Banks will charge clients full interest if they do not repay loans and interests on schedule
The Bangladesh Bank has instructed banks to maintain a separate account for interests to be paid by the government – in the form of subsidies – against loans availed under the Covid-19 stimulus package for industries and the service sector.
Loans taken out by clients under the package come with a 9% interest rate. Borrowers will pay half the interest and the government will subsidise the other half to banks.
A circular of the Bangladesh Bank's Banking Regulation and Policy Department on Tuesday said some banks were imposing the whole 9% interest on loans on clients, causing them to incur losses.
"This seems to be the case when you read the circular but in reality, no bank is charging higher interests from clients," Abu Farah Md Naser, executive director of the central bank, told The Business Standard.
Many clients were thinking that they themselves would have to pay 9% interest as banks were keeping the clients' interests and the government subsidies in the same account, he explained.
The central bank official said, "To remove this confusion, the circular says clients should be charged 4.5% interest on their loans and there should be a separate account for the remaining 4.5% that will come as subsidies."
The circular said banks would charge clients the whole amount (9%) if they did not repay loans and interests within the stipulated time.
On 12 April 2020, the Banking Regulation and Policy Department published a policy on the incentive package for industries and the services sector, which said the validity of the package would be three years.

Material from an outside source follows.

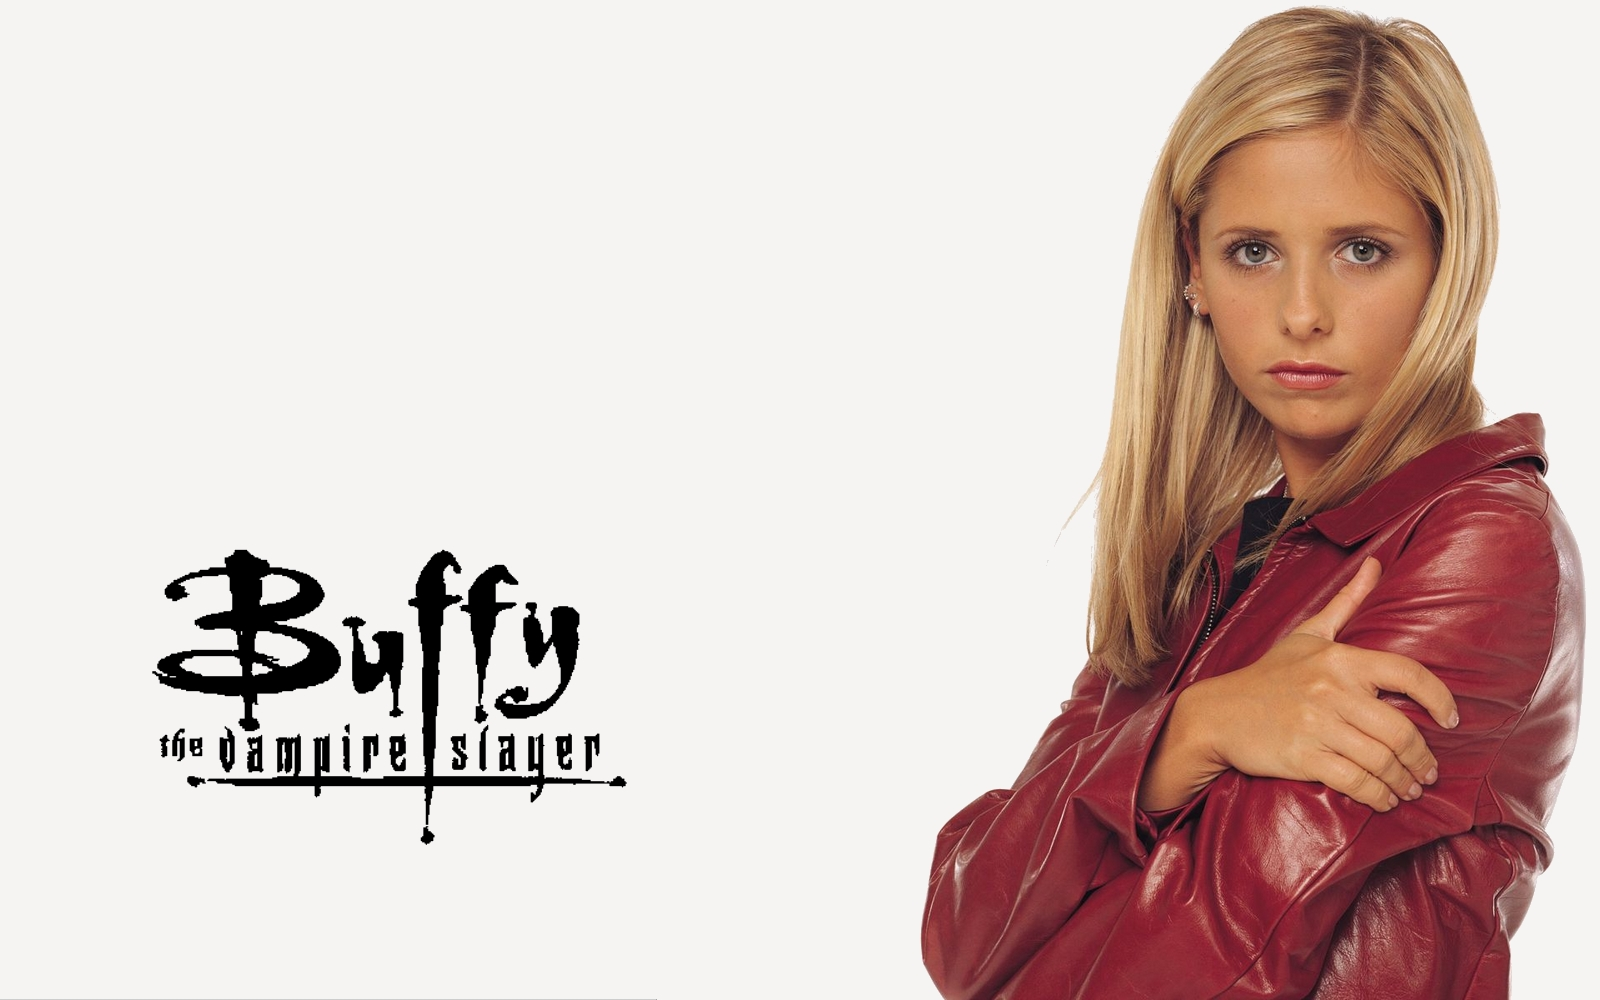 Wallpaperboard 01 Buffy The Vampire Slayer Wallpaper

The policy said a client would get interest subsidies against loans under the package for a year. However, defaulters and clients who earlier availed loan rescheduling facilities thrice would not get loans from the package.
On 5 April last year, to help the economy recover from the pandemic fallout, Prime Minister Sheikh Hasina announced a Tk30,000 crore incentive package as working capital for industries and the services sector.
The package was expanded by Tk3,000 crore in the first phase due to increased demand for loans. Later, another Tk7,000 crore was added, causing the size of the package to stand at Tk40,000 crore in October.
The loan disbursement rate of this package is higher than that of all others. In seven months until November last year, 85% of the package was disbursed.